The communists and the environment: was it all bad?

Petr Pavlinek

A conference has just ended in Prague that proves that not all historians are detached from reality in their ivory towers. Several hundred historians from over 20 different countries converged on the city for a week to discuss their research on one of the burning issues of today, the environment and how it is treated. You only had to look at the subjects of some of the presentations - for example looking at the history of the way Central Europeans have dealt with floods, to see that such research is of more than passing interest to today's society. David Vaughan was at the conference.

Petr Pavlinek
Here in the Czech Republic, one of the most fascinating questions is how the communist era affected both the environment and the way we look at it now. The Czech historian, Petr Pavlinek, has come to the surprising conclusion that the myth that the communist regime did nothing for the environment is far from true:

"I would say that the environmental crisis in the former Czechoslovakia culminated in the early 1980s and that the regime actually realized in the early 1980s the danger that the environmental disaster could pose for its long-term survival. So actually in about the mid-1980s the regime decided to spend a lot of money to improve the environment, and if you look at the scientific data about air pollution, for example, the level of pollution started to decline in the second half of the 1980s. And I would also argue that some of the successes in the environmental clean-up that we saw in the early 1990s were based on the policies that were initiated by the communist government."

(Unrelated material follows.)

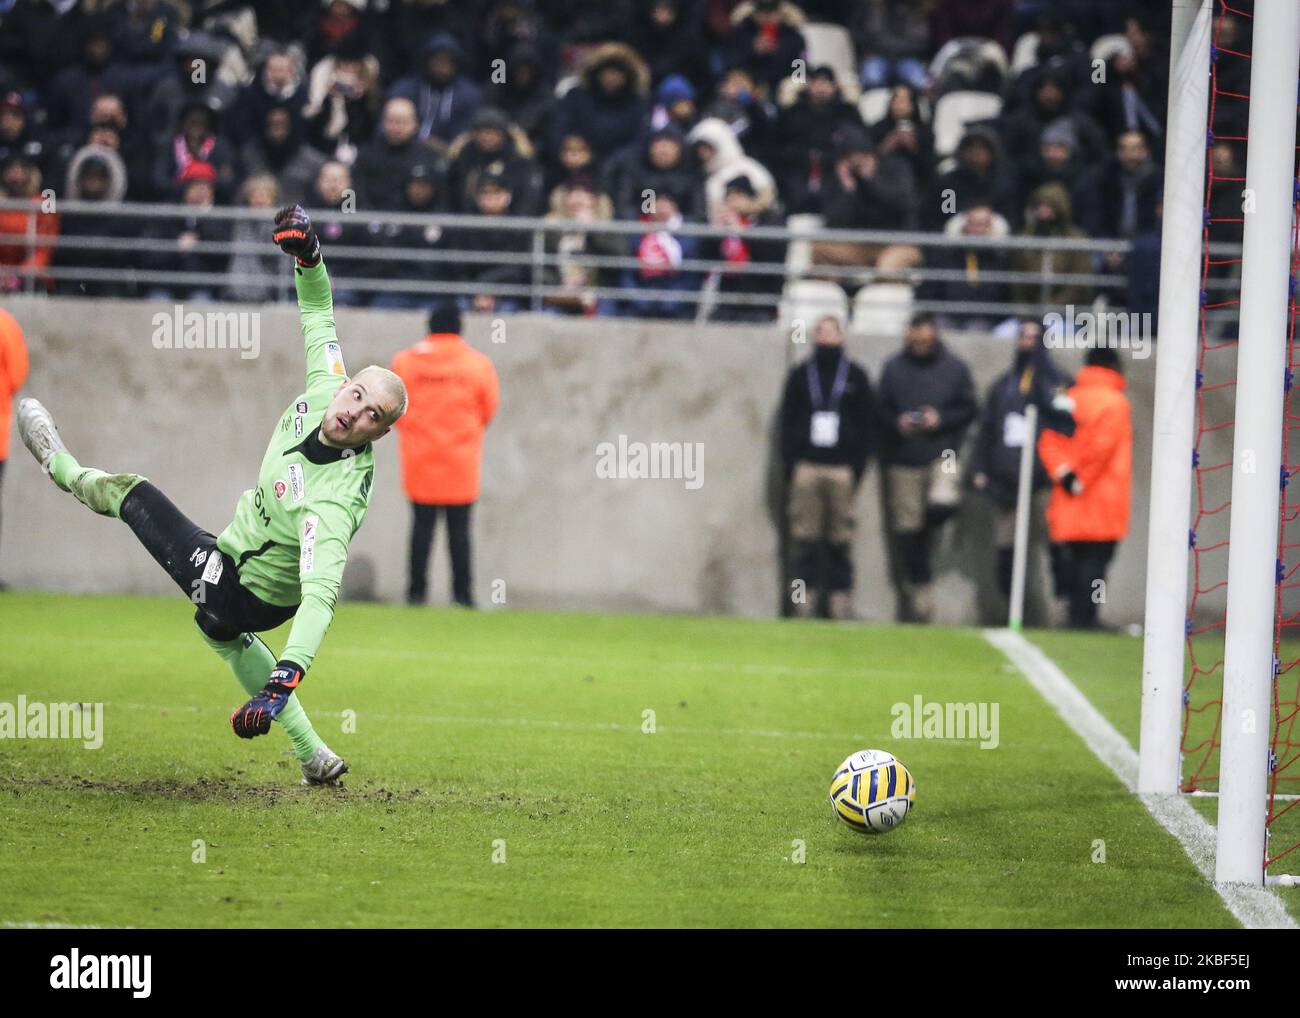 Rajkovic Predrag during the French League Cup semi-final football match between Stade de Reims and Paris Saint-Germain at the Auguste Delaune Stadium in Reims on January 22, 2020. (Photo by Elyxandro Cegarra/NurPhoto) Stock Photo

And how would you say that the traces of what was going on then in the 1980s are to be felt today in the way that politicians approach the environment or the public sees the environment in dealing with problems of the environment?

"The way we think about the environment today was formed largely before 1989, so some politicians would think about the environment as a luxury we can afford only after we successfully rebuild the economy. In a way this is the same way the communist politicians thought about the environment, as a luxury after we build a strong economy, after we catch up and overtake the capitalist countries."

John McNeill
Studies like the research being carried out by Petr Pavlinek are in many ways pioneering, but as the American environmental historian John McNeill points out, it is still hard to get an overall picture:

"It's possible to get an increasingly detailed sense of the environmental history of communist Europe, but it has never been synthesized, nobody has pulled it together and provided the level of analysis and interpretation that would make it accessible either to historians in general or to the public at large. There's a great opportunity actually for a scholar or even a journalist with the right skills and interests to pull it all together."

Verena Winiwarter
We are reminded of the old regime's environmental legacy almost daily, not least in the tense relations between the Czech Republic and Austria over nuclear power. By coincidence the conference's main organizer, Verena Winiwarter, teaches at the University of Vienna, so before I left, I asked her whether this tension is also felt among historians.

"I think that my Czech colleagues and myself are on the same side of the discussion in both our countries. We're not so much concerned about the trans-boundary pollution, we're concerned about pollution in a much more general sense. So there has never been any kind of tension in any way because of the political situation."